Segment Start: Data segment

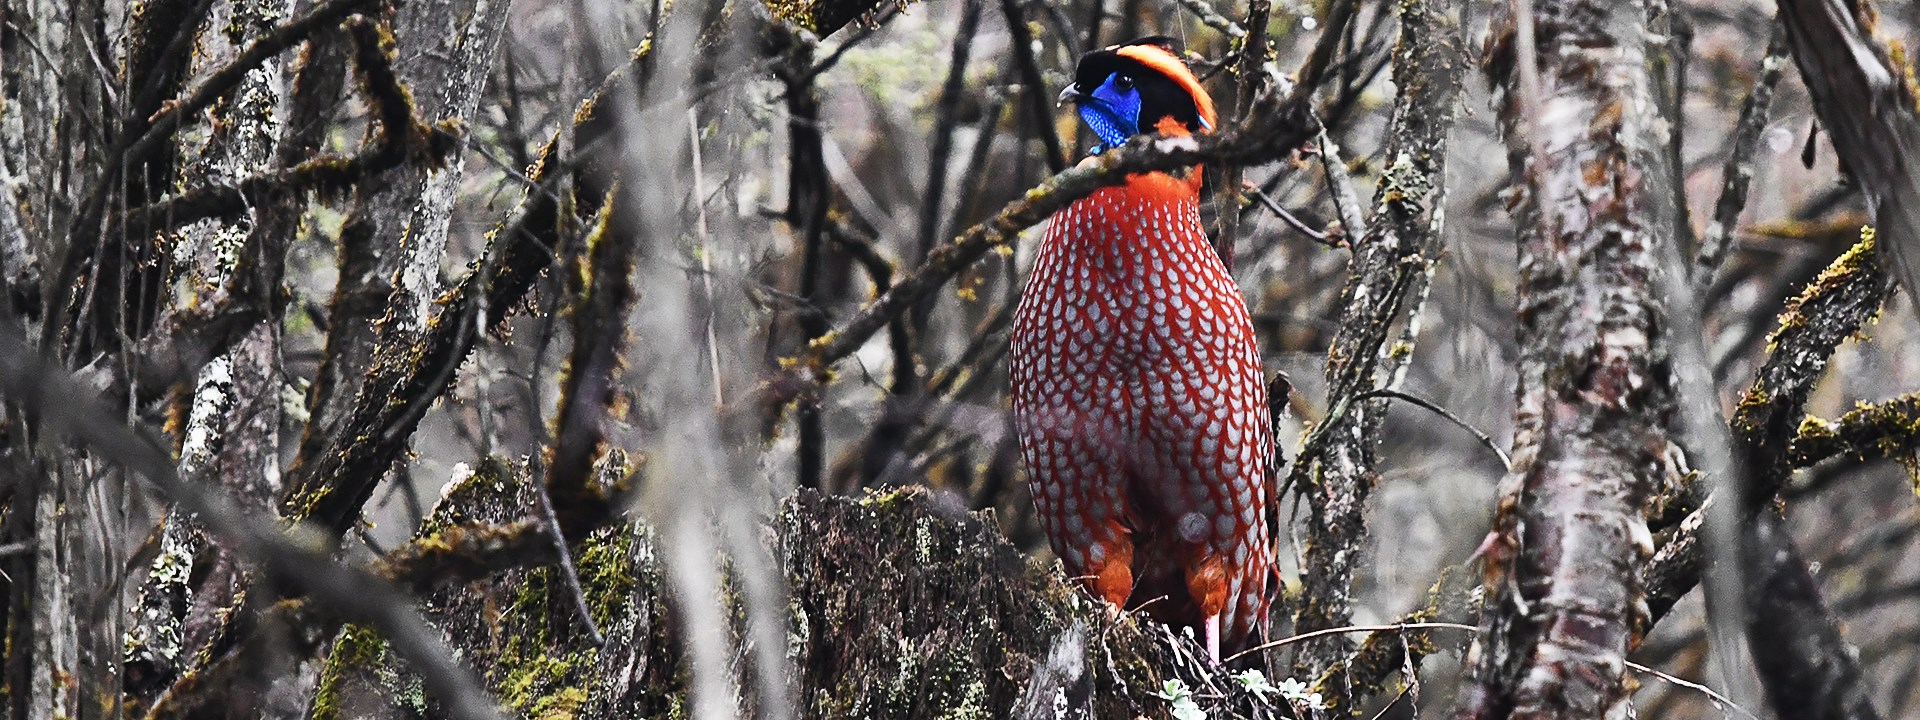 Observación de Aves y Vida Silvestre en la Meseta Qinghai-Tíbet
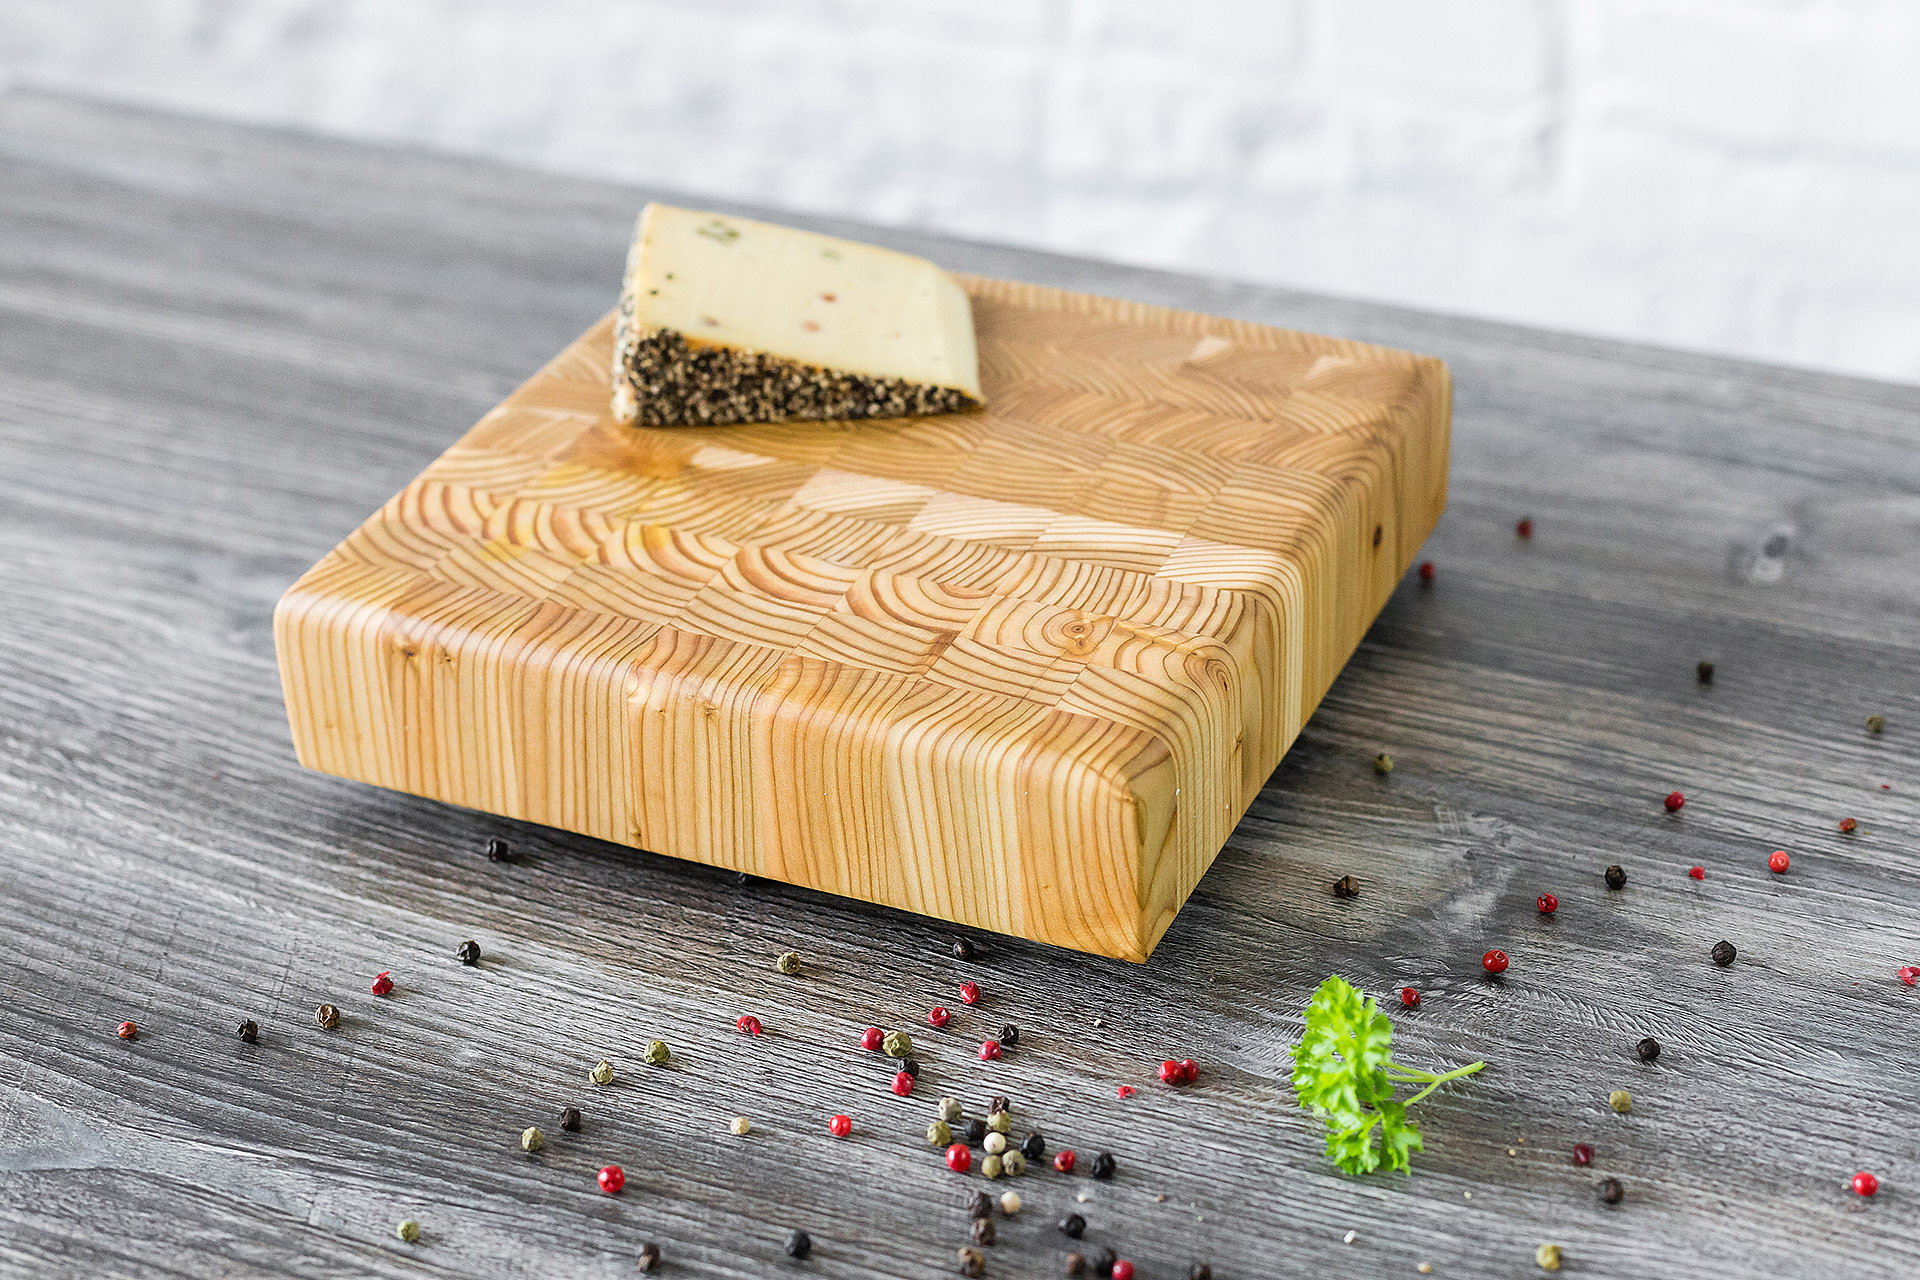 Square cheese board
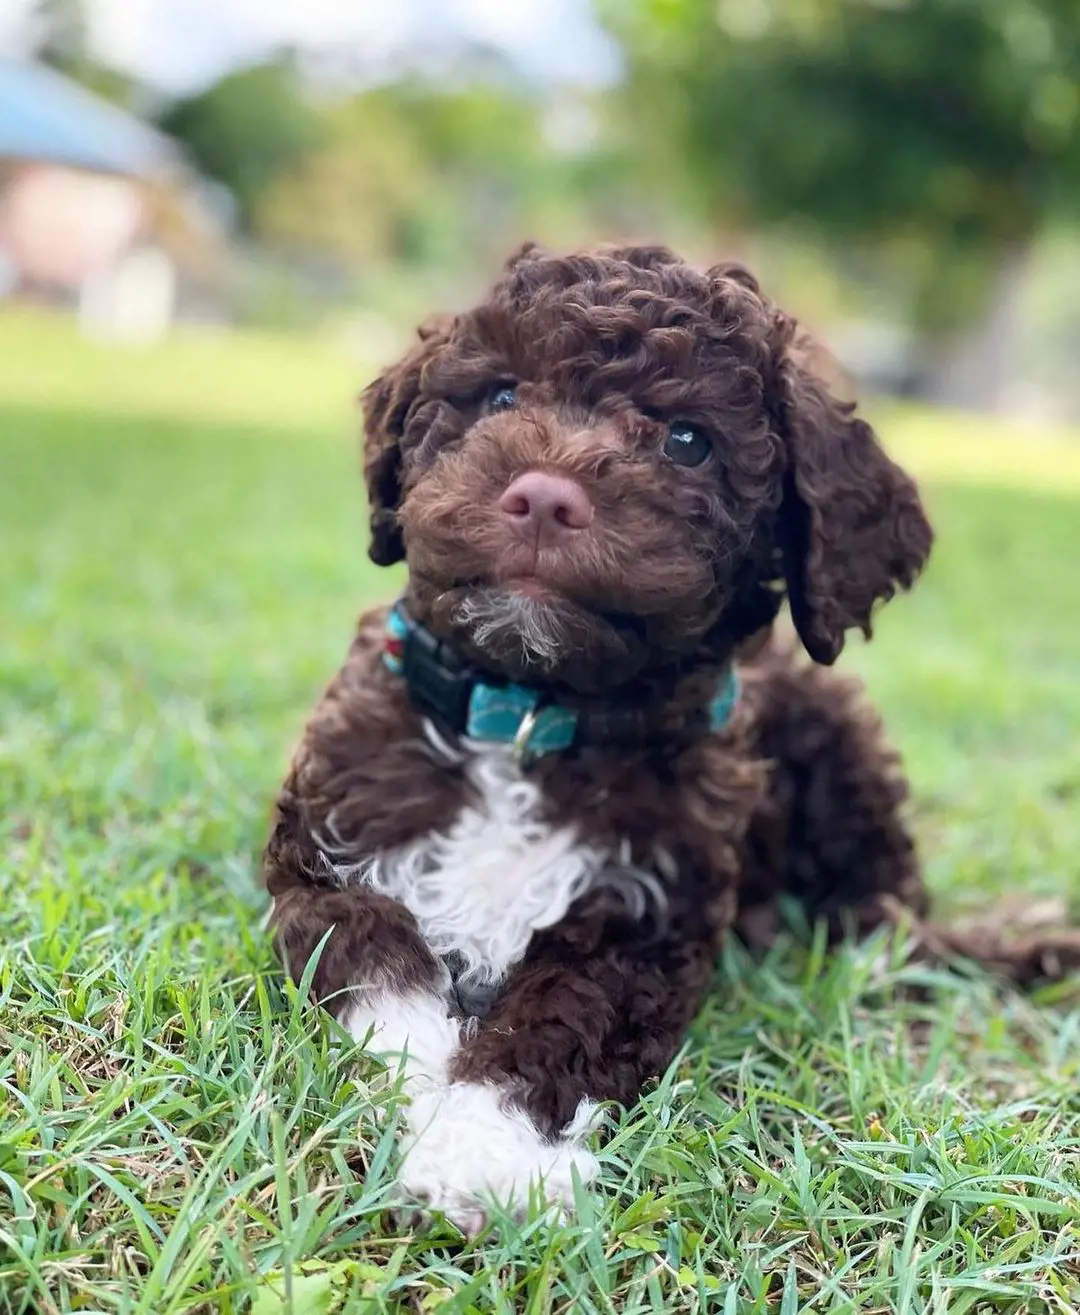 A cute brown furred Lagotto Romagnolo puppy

Segment End: Data segment

→ **Problem requirements**: Return the whole listing exactly, minus its pictures.

→ **Finished exercise**:
 Observación de Aves y Vida Silvestre en la Meseta Qinghai-Tíbet
 Square cheese board
 A cute brown furred Lagotto Romagnolo puppy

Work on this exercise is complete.